FY2020 Agriculture-Rural Development-FDA Funding Bill
- Fully funds Supplemental Nutrition Assistance Program (SNAP) and the Women, Infants, and Children (WIC) program – $71.1 billion for SNAP and $6 billion for WIC
- Full funding for the Farm and Ranch Stress Assistance Network (FRSAN) – The Farm and Ranch Stress Assistance Network (FRSAN) was authorized in Section 7412 of the 2018 Farm Bill to provide farmers with affordable stress assistance programs. Farming can be a stressful occupation given the volatility of weather, markets, and disease. Farmers, ranchers, and farmworkers have the highest rate of suicide than the general population. It is vital we fully fund this Farm Bill program to ensure farmers have access to mental health services.
- Increases funding for land-grant colleges and universities – Through extension programs, land-grant colleges and universities bring vital, practical information to agricultural producers, small business owners, consumers, families, and young people. Various grants support universities’ research on all aspects of agriculture including soil and water conservation, plant and animal protection, and sustainable agriculture. Expanding funding for these grants is vital to the continuation of this research.

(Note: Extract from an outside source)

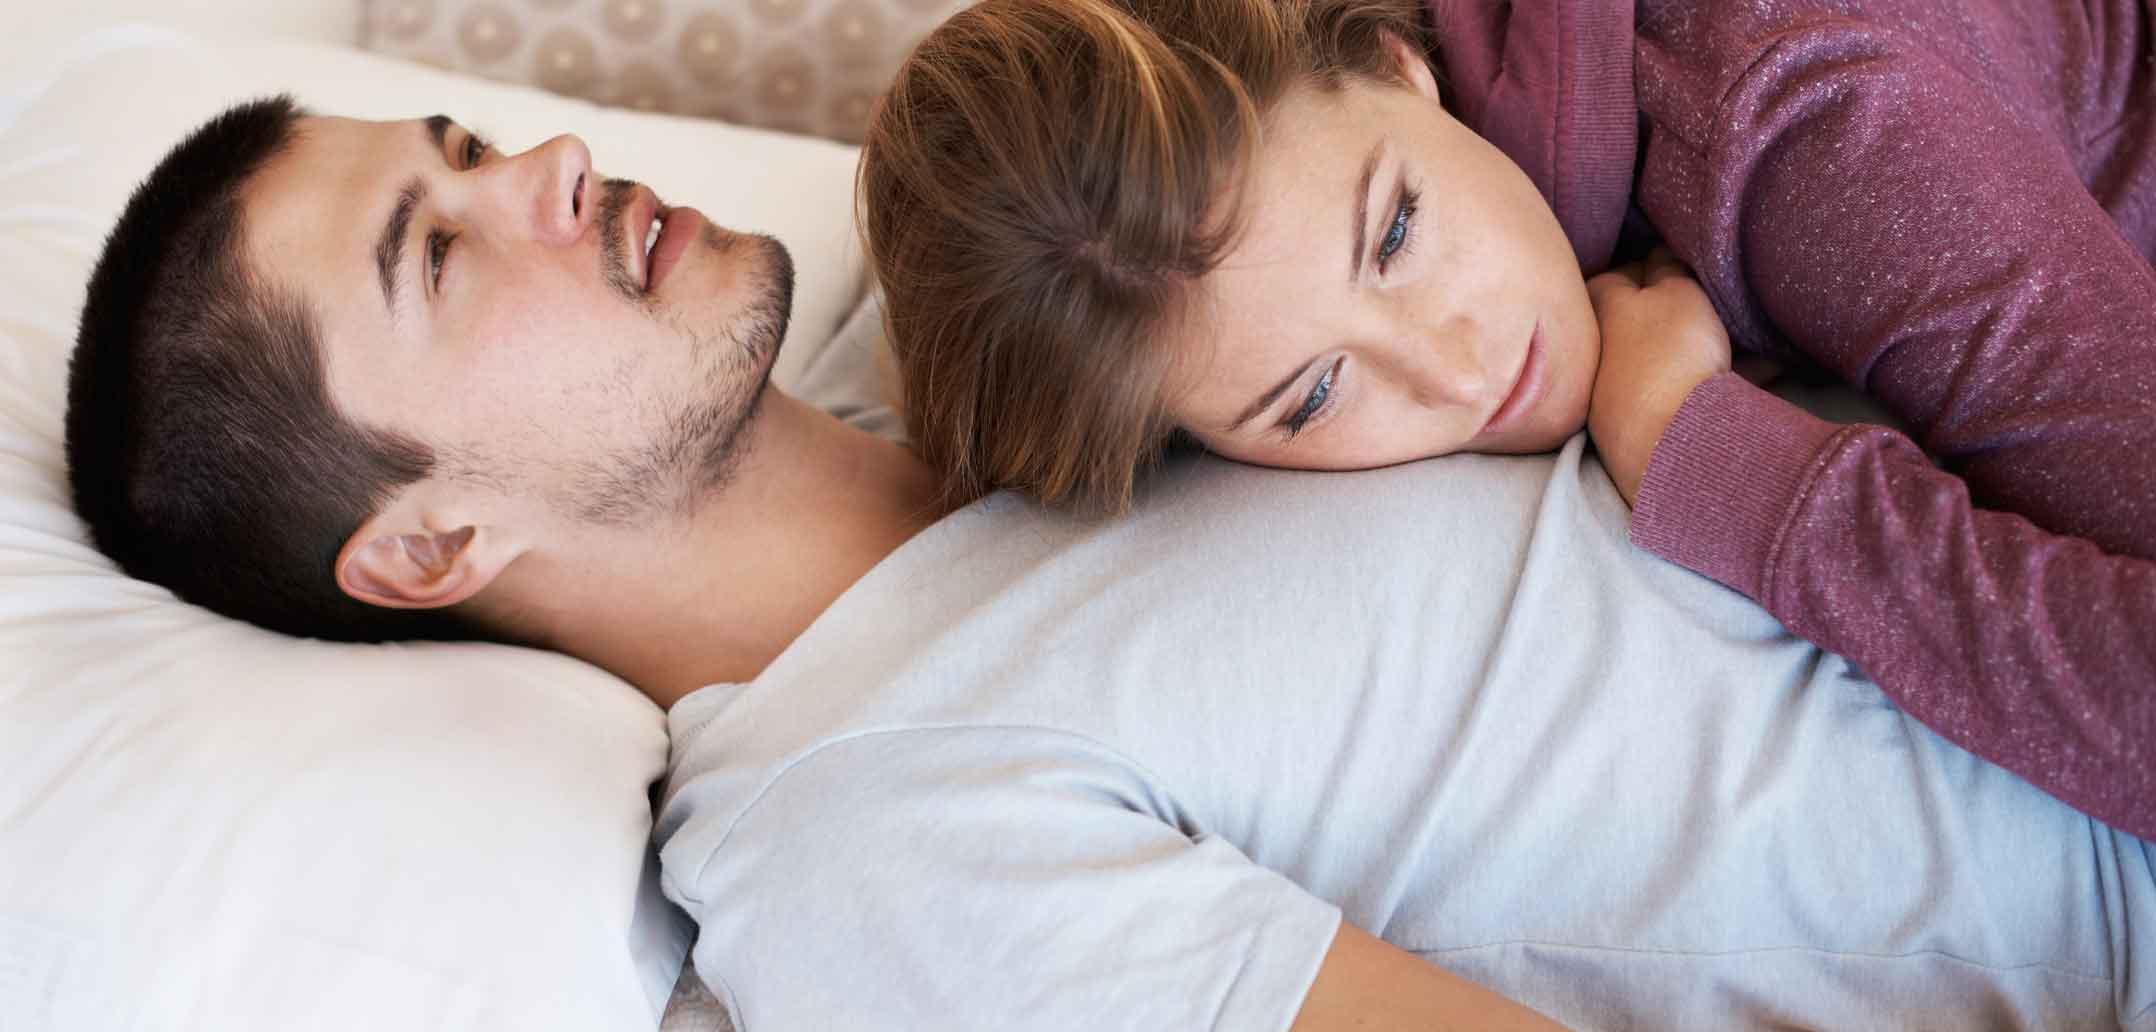 Lohnt es sich noch für die Beziehung zu kämpfen?

- Language to encourage the USDA to coordinate better among their 5 nutrition education programs and to provide a report to Congress – The Committee commends the USDA for the important role they play in offering nutrition education and training through programs such as SNAP-Ed, EFNEP and WIC. However, the Committee is concerned regarding the lack of communication and coordination between the five main nutrition education programs (SNAP-Ed, EFNEP, Team Nutrition, WIC, and FINI) at USDA. The Committee directs the USDA to report to the Committee of Appropriations of both Houses of Congress within 90 days of the enactment of this act about steps USDA will take to better coordinate nutrition education, utilize experts from CNPP in the Dietary Guidelines development, and track program effectiveness across each program.
- Fully funded WIC Farmers Market Nutrition Program (WIC FMNP)– When the WIC FMNP program was created in 1992, it was the first Federal program of its kind, with the intent of making fresh fruits and vegetables available to low income shoppers. Today, the need for the program remains as research shows that all Americans, particularly those with low incomes, need more fruits and vegetables in their diets. In FY 2016, the program provided an estimated 67 million servings of fresh, locally produced fruits and vegetables to low income pregnant women and children that to which they may not have otherwise had access. For recipients, WIC FMNP establishes healthy eating habits that can last a lifetime.
- Grants for School Kitchen Equipment – These competitive grants go to local education agencies and schools to modernize their kitchens and to update essential equipment needed to prepare foods (e.g. replacing fryers with combination steamer-ovens). This enables schools to serve healthier more nutritious meals and to improve food safety. Research shows that over 88% of schools across the country need at least one piece of updated school kitchen equipment.
- Increase for National Organic Program – The National Organic Program is responsible for developing national standards for organically-produced agricultural products. These standards assure consumers that products with the USDA organic seal meet consistent, uniform standards. With the increase of organic sales and production, it is important this program is fully funded in order to keep up with the growing demand of organic products including the ability to enhance enforcement procedures.